Well, it never happens at the 49%-51% level, but that’s because there aren’t any countries where 49% of the country is wealthy enough to be worth plundering (see Pareto). Massive redistribution of wealth away from minorities has happened quite a bit, as in Zimbabwe, Haiti, Germany, and others. The various communist revolutions seem to be an example of this, if you allow ‘democracy of the sword’, and I would suspect pogroms are as well, to the extent that property is looted as well as destroyed.
One counterexample is sufficient to break a “never.” To the extent that ‘good’ democracies do not do this, it is not a statement about the incentive structure of democracy, but a statement about the preferences of the voters of that particular polity.
Well, it never happens at the 49%-51% level, but that’s because there aren’t any countries where 49% of the country is wealthy enough to be worth plundering (see Pareto). Massive redistribution of wealth away from minorities has happened quite a bit, as in Zimbabwe, Haiti, Germany, and others.

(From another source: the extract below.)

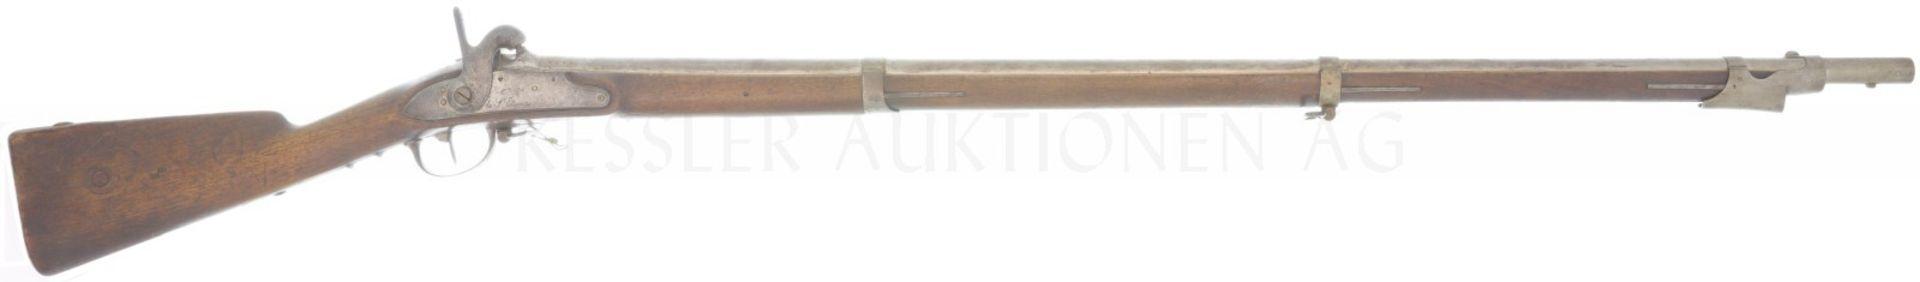 Perkussionsgewehr, franz. Infanterie Mle. 1822/40, Kal. 17.6mm

The various communist revolutions seem to be an example of this, if you allow ‘democracy of the sword’, and I would suspect pogroms are as well, to the extent that property is looted as well as destroyed.
I don’t think you have many good examples of democracies there.
One counterexample is sufficient to break a “never.” To the extent that ‘good’ democracies do not do this, it is not a statement about the incentive structure of democracy, but a statement about the preferences of the voters of that particular polity.
Or the details of the exact structure of the democracy which may create relevant incentives.